Epilepsia. 1996 Oct;37(10):983-7. doi: 10.1111/j.1528-1157.1996.tb00536.x.

Abstract

PURPOSE

Episodic loss of consciousness presents a diagnostic challenge to the neurologist. A perhaps underrecognized cause of episodic loss of consciousness, which we call the ictal bradycardia syndrome, occurs when epileptic discharges profoundly disrupt normal cardiac rhythm, resulting in cardiogenic syncope during the ictal event. We attempt to determine whether the presence of the ictal bradycardia syndrome provides localizing information regarding the site of seizure onset and to describe the demographics of patients with this syndrome. We also discuss difficulties in diagnosis and treatment.

METHODS

We review 23 cases of the ictal bradycardia syndrome from the literature and present four additional cases. Brief histories are provided for the four previously unreported cases. Where data are available, cases are analyzed with respect to age, sex, and site of seizure onset.

RESULTS

Patients with the ictal bradycardia syndrome ranged from 4 months to 72 years (mean 39 years). There was an approximately 5:1 ratio of males to females.
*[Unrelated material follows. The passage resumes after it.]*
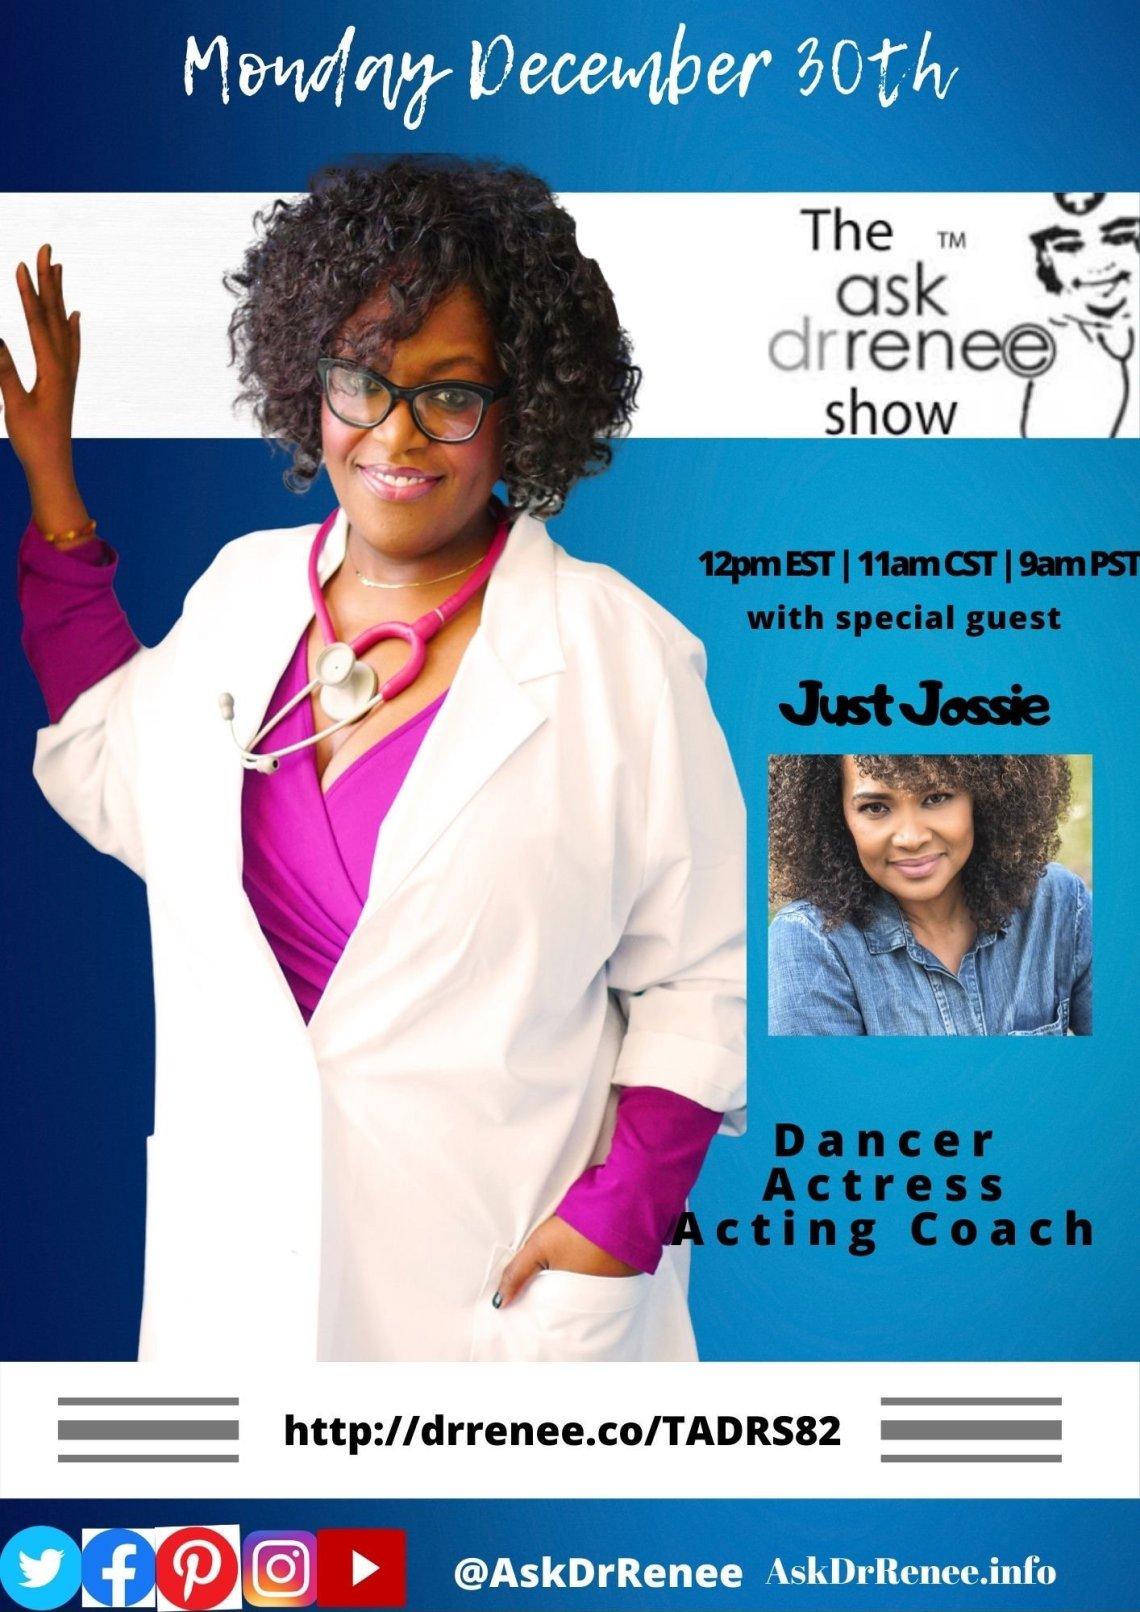 Ask Dr. Renee,Ask Dr. Renee Show,Talk Show Host,Oprah Winfrey,talk show,Jossie Harris,in living color,Fly girls,Dancer,Jossie Harris Thacker,music,dancer,hiphop,Jennifer Lopez,acting coaching class,talk show hosts laughing, Jossie Harris, Dancer, Actress, Acting Coach, Fly Girl, In Living Color, The Ask Dr. Renee Show, Dr. Renee, Dr. Renee Matthews, Ask Dr. Renee

Twenty of the 23 patients (87%) whose site of ictal onset could be localized had temporal lobe epilepsy, although no clear lateralizing predominance was apparent.

CONCLUSIONS

The ictal bradycardia syndrome should be considered in patients with unusual or refractory episodes of syncope, or in patients with a history suggestive of both epilepsy and syncope. It suggests seizure onset in temporal lobe, and is more commonly diagnosed in males. Diagnosis may be aided by ambulatory EEG/ECG monitoring. Cardiac pacemaker implantation along with antiepileptic drug therapy may be necessary to minimize the possibility of death.

摘要

目的

发作性意识丧失给神经科医生带来了诊断挑战。发作性意识丧失的一个可能未被充分认识的原因,我们称之为发作期心动过缓综合征,当癫痫放电严重扰乱正常心律,导致发作期心源性晕厥时就会发生。我们试图确定发作期心动过缓综合征的存在是否能提供有关癫痫发作起始部位的定位信息,并描述该综合征患者的人口统计学特征。我们还讨论了诊断和治疗中的困难。

方法

我们回顾了文献中23例发作期心动过缓综合征的病例,并报告另外4例。对4例先前未报告的病例提供了简要病史。在有数据的情况下,对病例进行年龄、性别和癫痫发作起始部位的分析。

结果

发作期心动过缓综合征患者年龄从4个月到72岁不等(平均39岁)。男女比例约为5:1。23例发作起始部位可定位的患者中有20例(87%)患有颞叶癫痫,尽管没有明显的定位优势。

结论

对于晕厥发作异常或难治的患者,或有癫痫和晕厥病史的患者,应考虑发作期心动过缓综合征。它提示癫痫发作起始于颞叶,男性更易诊断。动态脑电图/心电图监测可能有助于诊断。可能需要植入心脏起搏器并联合抗癫痫药物治疗,以尽量降低死亡风险。